In the very same decision of the Supreme Court ( (2002) 3 SCC 676 : (2002) 2 MLJ 115, it has been further held as follows at p. 119 of MLJ: “But there are certain conditions which are required to be fulfilled if a transferee wants to defend or protect his possession under Section 53-A of the Act. The necessary conditions are: (1) there must be a contract to transfer; for consideration of any immovable property; (2) the contract must be in writing, signed by the transferor, or by someone on his behalf; (3) the writing must be in such words from which the terms necessary to construe the transfer can be ascertained; (4) the transferee must in part-performance of the contract take possession of the property, or of any part thereof; (5) the transferee must have done some act in furtherance of the contract; and (6) the transferee must have performed or be willing to perform his part of the contract.” 26. In the light of the dictum, the defendant cannot seek protection under Section 53-A of the Transfer of Property Act.
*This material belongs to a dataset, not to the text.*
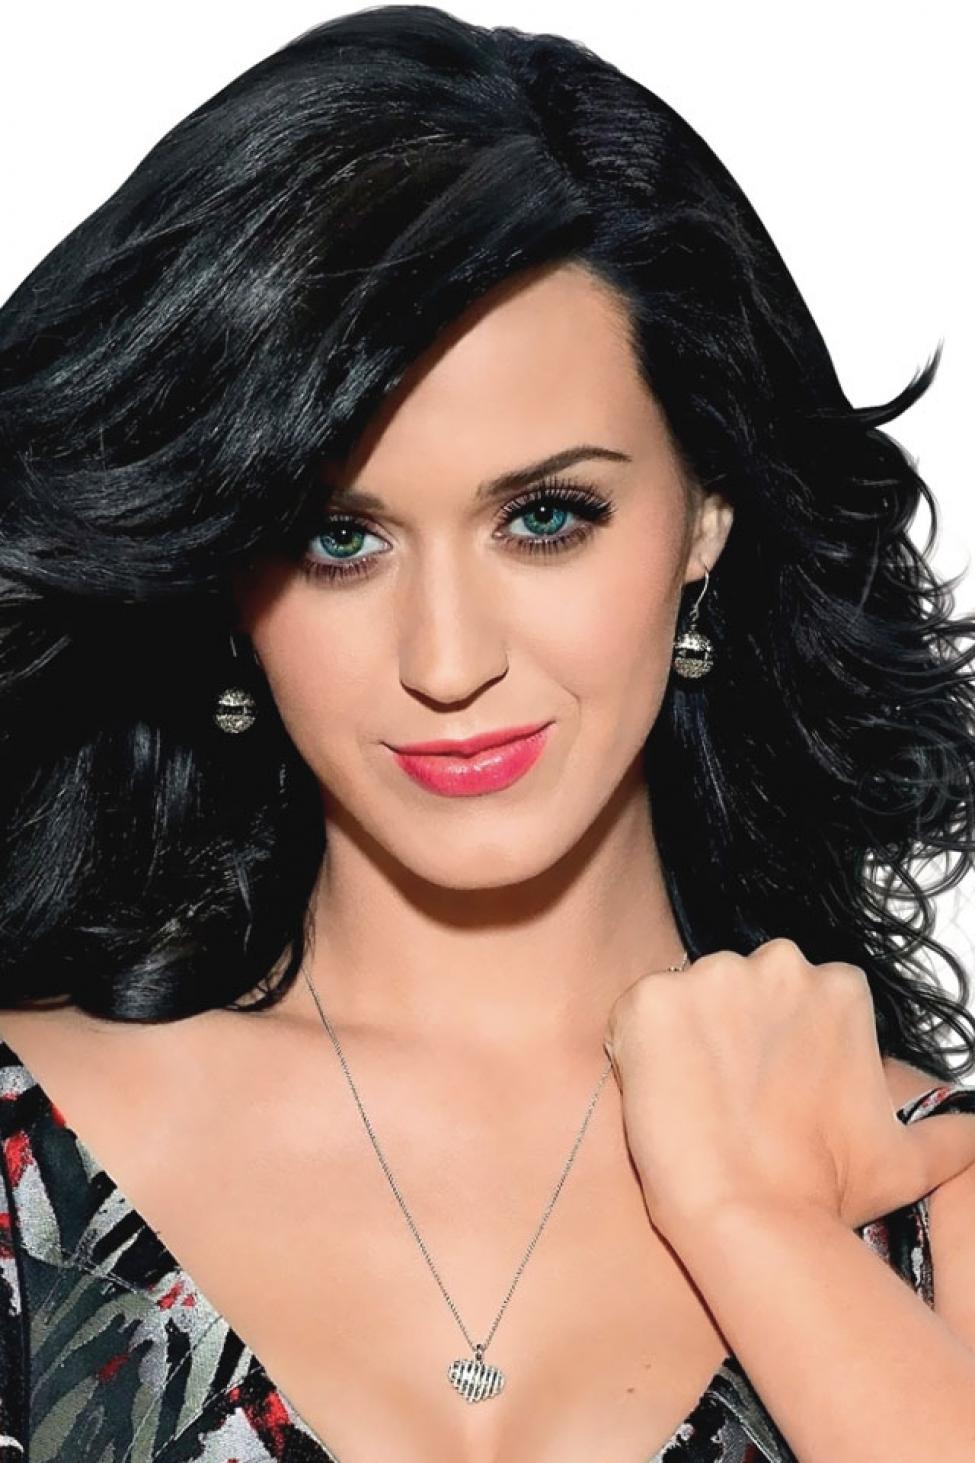 Rumor Has It that Katy Perry is Experiencing Female Hair Loss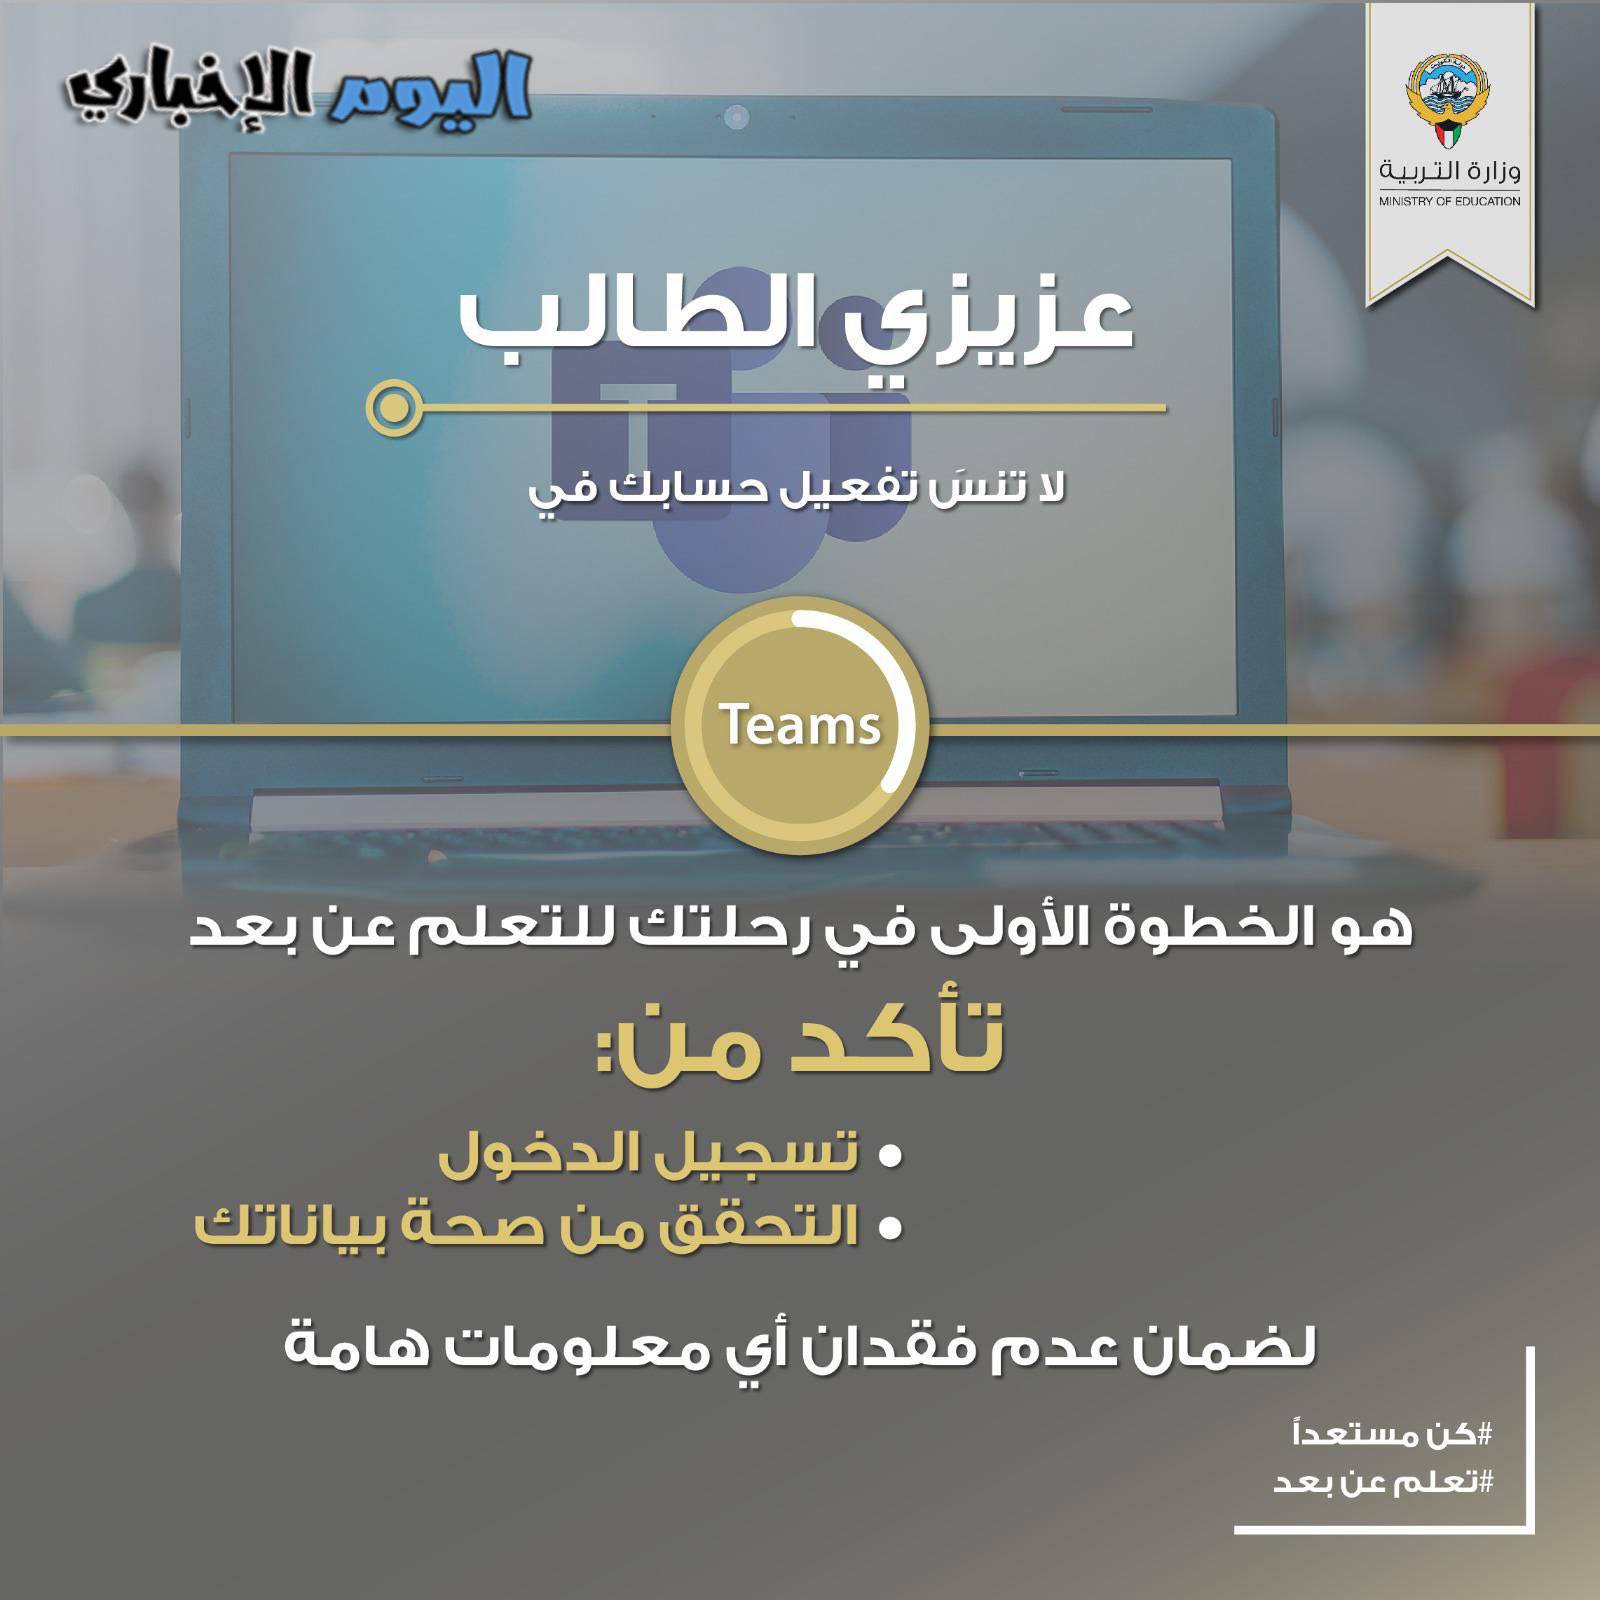 بوابة الكويت التعليمية تسجيل دخول تيمز

Therefore, it is held that the lower Appellate Court has correctly held that the defendant is not entitled to protection under Section 53-A of Transfer of Property Act and that there was also no suppression of material facts. Both the substantial questions of law formulated by this Court are answered accordingly. 27. In view of the above, the appeal fails and therefore it stands dismissed. The appellant is directed to deliver possession of the suit property to the respondent within three months from the date of judgment. There is no order as to costs.